Plums & Pluots
Plums and pluots are stone fruits with smooth skin and small pits. Plums are native to Asia, Europe, and America, and most U.S. production uses Japanese varieties, which range in color from yellow, red, and blue to almost black. European varieties are blue and purple.
Pluots are a combination of apricot and plum, one of many ‘interspecific’ hybrids called plumcots, apriums, and apriplums. The pluot name is trademarked, so growers cannot legally call their fruit pluots.
While pluots and plumcots have occurred naturally in regions where apricots and plums grow freely, modern versions have been cross-pollinated for maximum flavor and shelf life. Today’s pluots are usually one quarter apricot and three-quarters plum, with smooth skin in various colors and flavors.

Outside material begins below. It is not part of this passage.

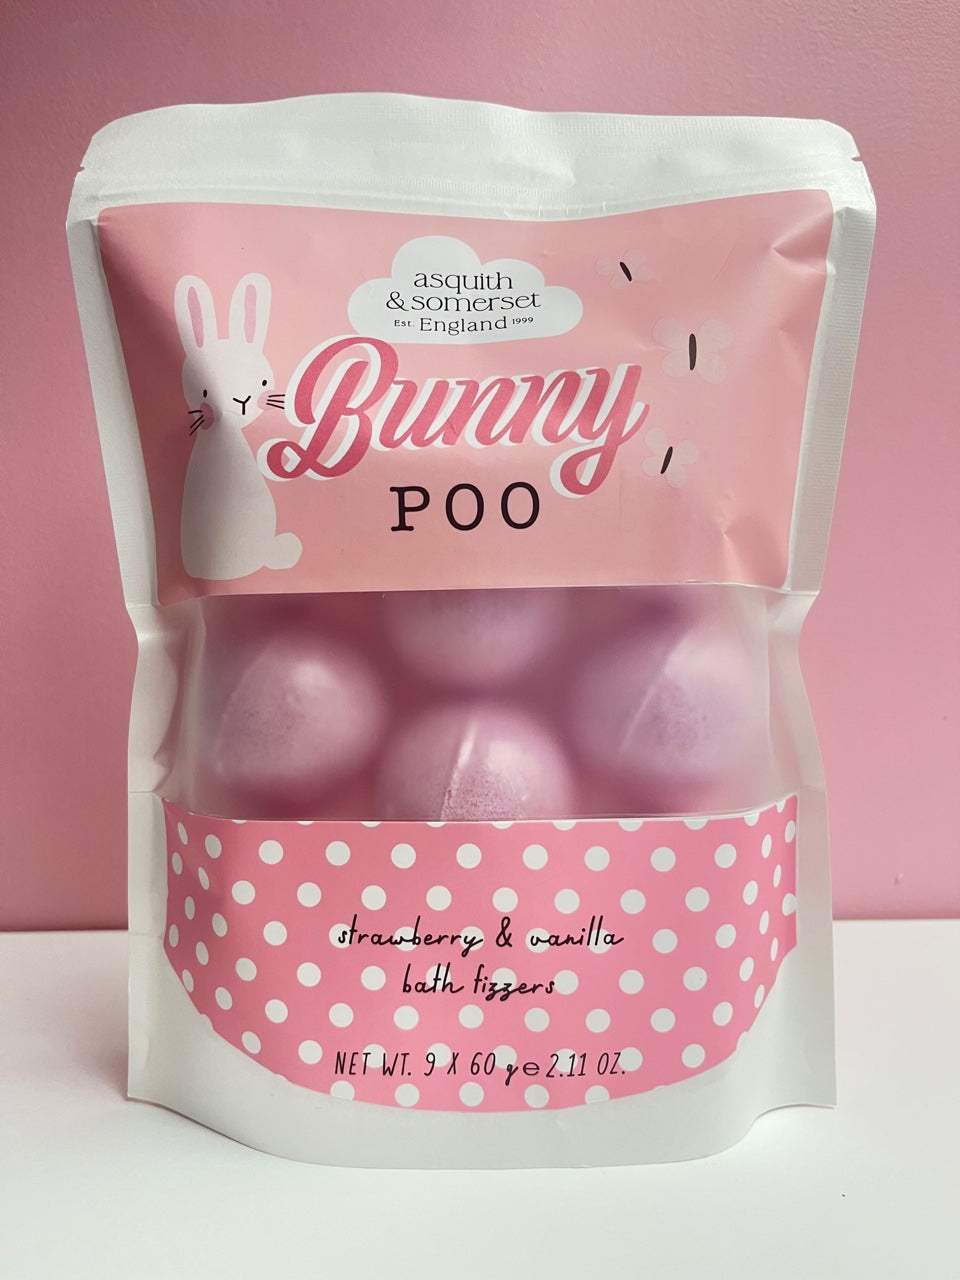 Strawberry and Vanilla Bath Fizzers "Bunny Poo"

Plums and pluots are related to cherries and members of the rose family. Prunes are dried plums, typically the European type.
Types & Varieties
European, Damson, and Japanese are the most common types of plums: European plums are often used for canning, but are eaten fresh as well.
Damson are very tart and primarily for cooking and preserves; Japanese are the most common fresh market plums.
Pluots have smooth skin, can be solid or speckled and yellowish green to black. Pluot flesh is white to red and fruit is usually larger than plums and higher in sugar content.
With a short supply window for most apricot-plum hybrids, varieties have increased to maintain availability. Pluot varieties include Cherry, Crimson Sweet, Dapple Dandy, Geo Pride, Flavor Heart, Golden Treat, Jubilee, Red Ray, Raspberry Jewel, Sugar Baby, and Supernova.